El kirchnerismo pone su lupa sobre el gobernador desde que asumió. Scioli sabe que su fuerte es la buena imagen pública y su debilidad, la ausencia de estructura propia. En ese marco, la oposición, la declarada y la latente, estudia expectante y seductora las apariciones del ex vicepresidente. Todo el espectro político le augura virtualidad como futuro presidenciable. Nadie se anima a vaticinar al frente de qué escudería.

La canción no sorprende. Se esperaba desde que fue lanzado como candidato en las vísperas de la navidad de 2006. Los primeros ciento veinte días de gobierno de Daniel Scioli al frente de la provincia de Buenos Aires estuvieron signados en mayor medida por movimientos inesperados de la tropa K que por estocadas certeras de la oposición. Sucede que para Scioli, como para muchos otros actores de la escena política local, todos los caminos, los deseados y los desconocidos, conducen al ex presidente Néstor Kirchner. La inusitada toma a punta de pistola del ministerio de Desarrollo Social; el repentino rearmado del PJ a nivel nacional con los caudillos locales del partido (Alberto Balestrini y Carlos Kunkel a la cabeza) marcándole el terreno; la aceitada relación del santacruceño con los cada vez más poderosos intendentes; el todavía irresuelto conflicto del “campo” mostraron que el ex motonauta gana mayor lugar en los medios cuando se desmarca y sienta postura propia, que cuando acata como un delfín poco convencido. El kirchnerismo pone su lupa sobre el gobernador desde que asumió. Scioli sabe que su fuerte es la buena imagen pública que sobre él ventilan las encuestas. Su debilidad, la ausencia de estructura propia. En ese marco, la oposición, la declarada y la latente, estudia expectante y seductora las apariciones del ex vicepresidente, al que todos auguran un inocultable futuro de presidenciable.

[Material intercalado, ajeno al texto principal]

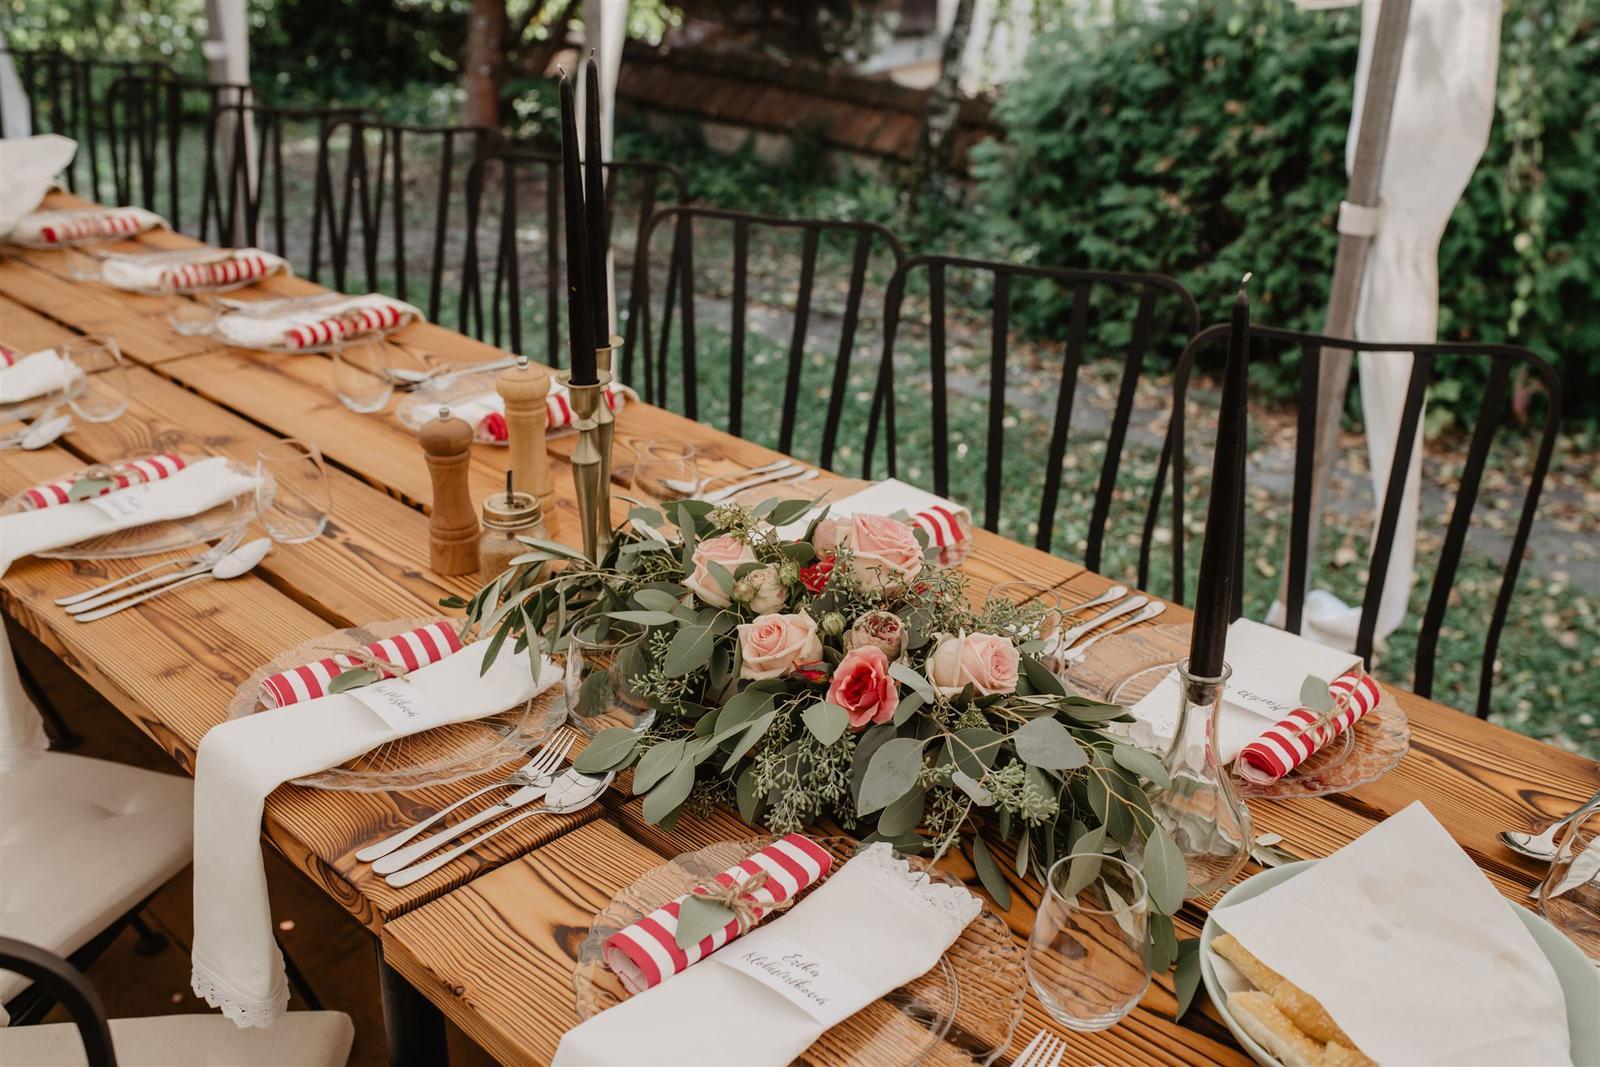 Krásna a romantická svadobná party v záhrade reštaurácie Bistra Dukát - Le Gout v srdci B. Bystrice. - Obrázok č. 4

A contracara de su discurso monótono, incómodo y cargado de sustantivos, el gobernador activó la lengua de los caudillos territoriales de la provincia desde el comienzo de su gestión. Armó su gabinete con un mix entre desconocidos cercanísimos, como su hermano José y Alberto Pérez, y figuras mediáticas como los médicos Claudio Zin (Salud) y el ex técnico del seleccionado argentino Carlos Bilardo (deportes). Daniel Arroyo desde el kirchnerismo y varios ex duhaldistas como Mario Oporto (Educación), Carlos Stornelli (Justicia) y Alfredo Atanasof (Inversiones) completaron la primera línea del elenco. Desde el discurso inicial Scioli buscó mostrar un rol fuerte basado en la gestión. «La gente quiere soluciones» repite el gobernador ante todo micrófono que lo enfrenta. La seguridad es el eje más elegido por el mandatario bonaerense.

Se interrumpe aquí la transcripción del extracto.